Ice sheet dynamics describe the motion within large bodies of ice, such those currently on Greenland and Antarctica. Ice motion is dominated by the movement of glaciers, whose gravity-driven activity is controlled by two main variable factors: the temperature and the strength of their bases. A number of processes alter these two factors, resulting in cyclic surges of activity interspersed with longer periods of inactivity, on both hourly and centennial time scales.
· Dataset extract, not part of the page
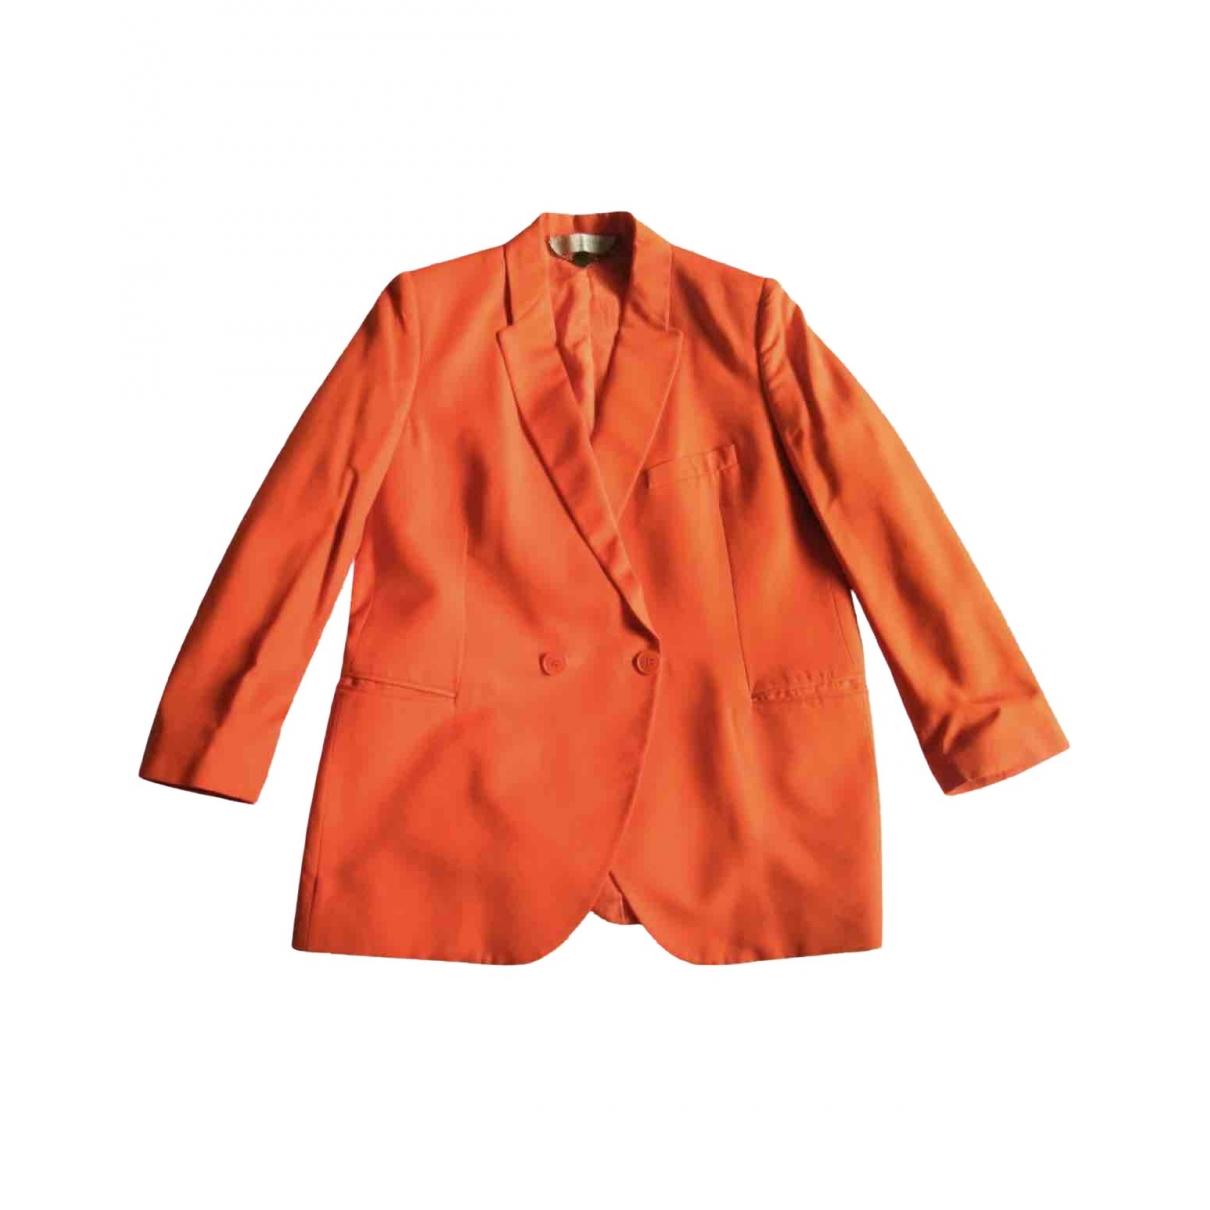 Stella Mccartney \N Jacke in  Orange Baumwolle

Ice-sheet dynamics are of interest in modelling future sea level rise.

General

Boundary conditions
The interface between an ice stream and the ocean is a significant control of the rate of flow.  

Ice shelves are thick layers of ice floating on the sea – can stabilise the glaciers that feed them.  These tend to have accumulation on their tops, may experience melting on their bases, and calve icebergs at their periphery.  The catastrophic collapse of the Larsen B ice shelf in the space of three weeks during February 2002 yielded some unexpected observations.  The glaciers that had fed the ice sheet (Crane, Jorum, Green, Hektoria – see image) increased substantially in velocity.  This cannot have been due to seasonal variability, as glaciers flowing into the remnants of the ice shelf (Flask, Leppard) did not accelerate.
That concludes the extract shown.